Se ha marchado Santiago. Tocaron a la puerta, y ahí estaba su madre con algunos familiares. No pudieron avisarnos antes, viven en la minería.

Tengo la sensación, de que la red que tengo bajo la cuerda que me mantiene en equilibrio, ha desaparecido. Quedo en shock. Pido fuerzas a Dios, estoy temblando…La tía del niño rompe el silencio ante la sorpresa, a modo de desaire: “Un hijo tiene que estar con su madre”.

“Sí, claro que sí, ese fue siempre nuestro deseo y por fin hoy se cumple”, respondo. El dolor aumenta.

Santi recoge su ropa. Han sido seis años con él.

Intento explicarle la situación, pero no puedo, las palabras se ahogan en la garganta…Sale de la casa, una parte de mí, se va con él.

Intento recordar los disgustos que me ha dado, desvelos, problemas en el colegio… Convencerme que será buena la separación, pero en esos momentos, si soy honesto, ese amor profundo nos unía aún más.

Desconozco el cariño que puede profesar un padre… Santi no es mi hijo, pero lo siento como tal, no lo puedo evitar. Hubiera preferido antes quedarme sin brazos o piernas. El tiempo no curará nada. Quizás no vuelva más a verle,cada día su separación será desgarradora.

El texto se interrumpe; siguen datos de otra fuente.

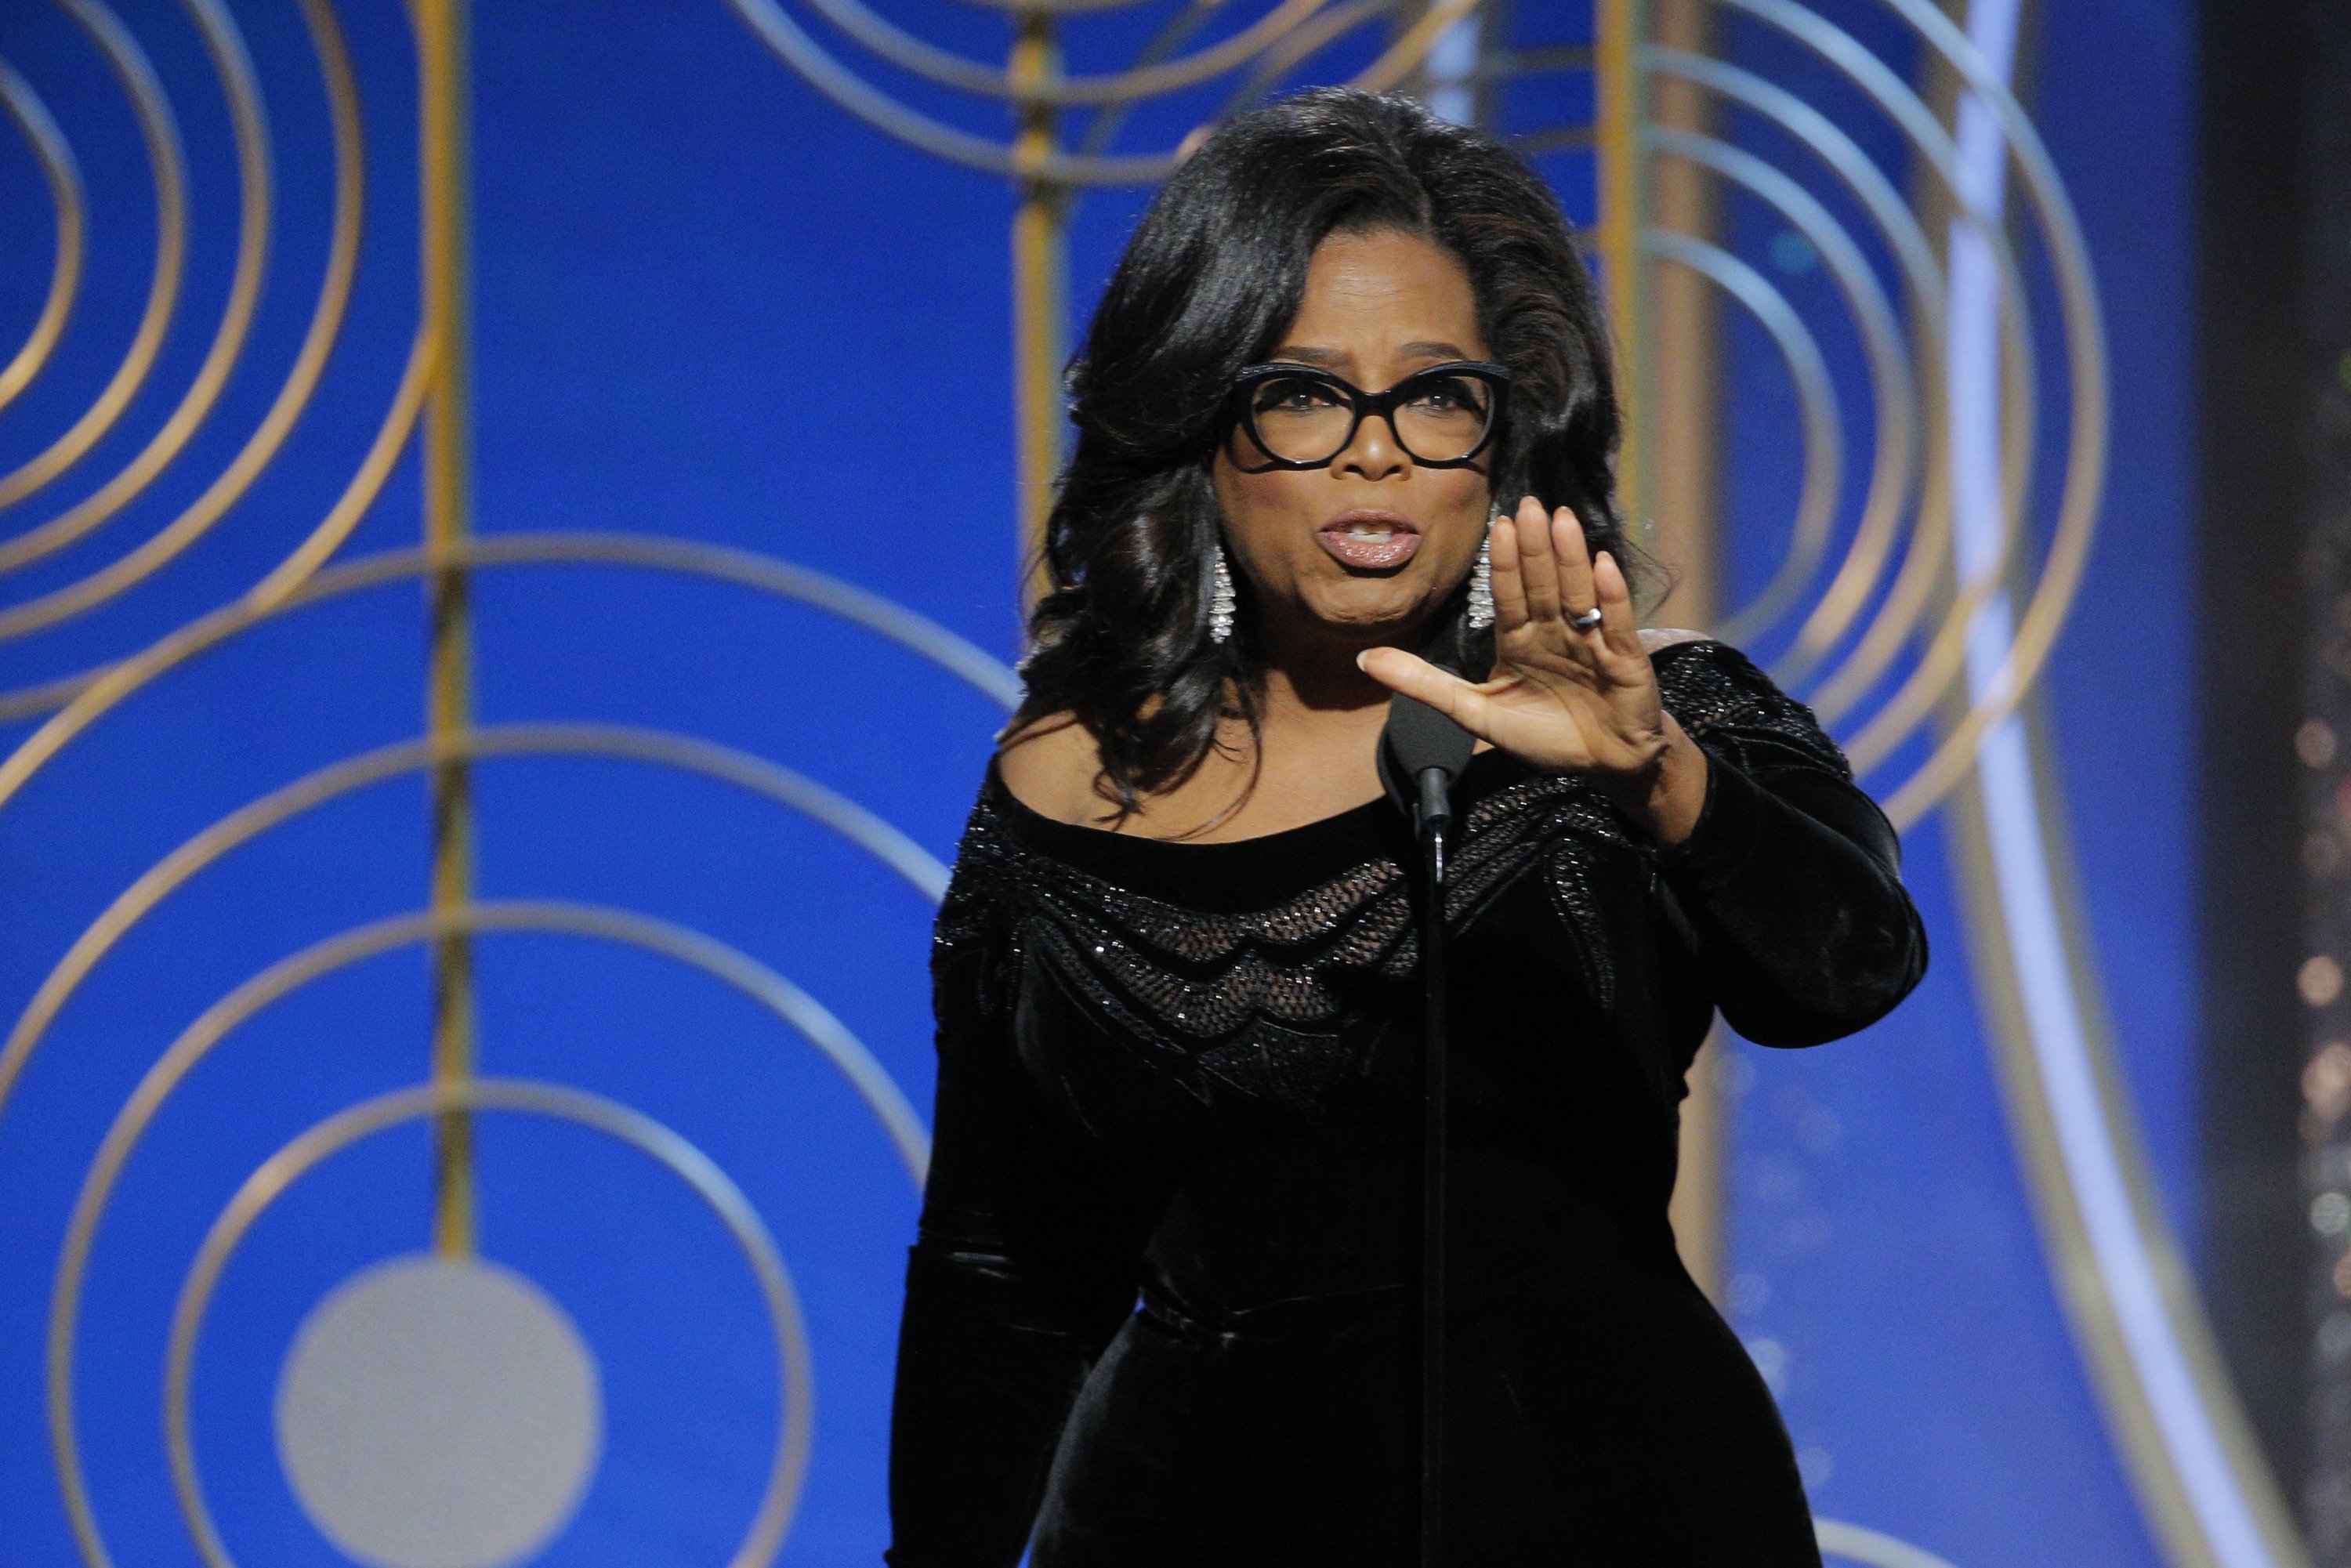 Oprah Winfrey accepting her 2018 Cecil B. DeMille Award during the 75th Golden Globe Awards. | Photo: Getty Images

La mejor manera de llevar la situación, es continuar con la tarea encomendada por Dios de hacer el Hogar Nazaret, reconocer lo maravilloso que fue compartir mi vida con Santi.

Le he dado a Dios lo que más quería, ya nada tengo, todo es suyo. Dirige el Hogar Nazaret a su manera: es guionista, actor y director.

Solo queda aceptar las pérdidas, aunque el corazón no deje de sangrar, vivir el día a día como reto y sobre todo como una maravillosa oportunidad. “El Señor me lo dio, el Señor me lo quitó, bendito sea el nombre del Señor (…) Si aceptamos de Dios los bienes, ¿no vamos a aceptar los males?” (Jb 1,20-22)

Nunca aprenderé a nadar en este mar de emociones, pero nadar contracorriente, solo por amor, da sentido a mi existencia.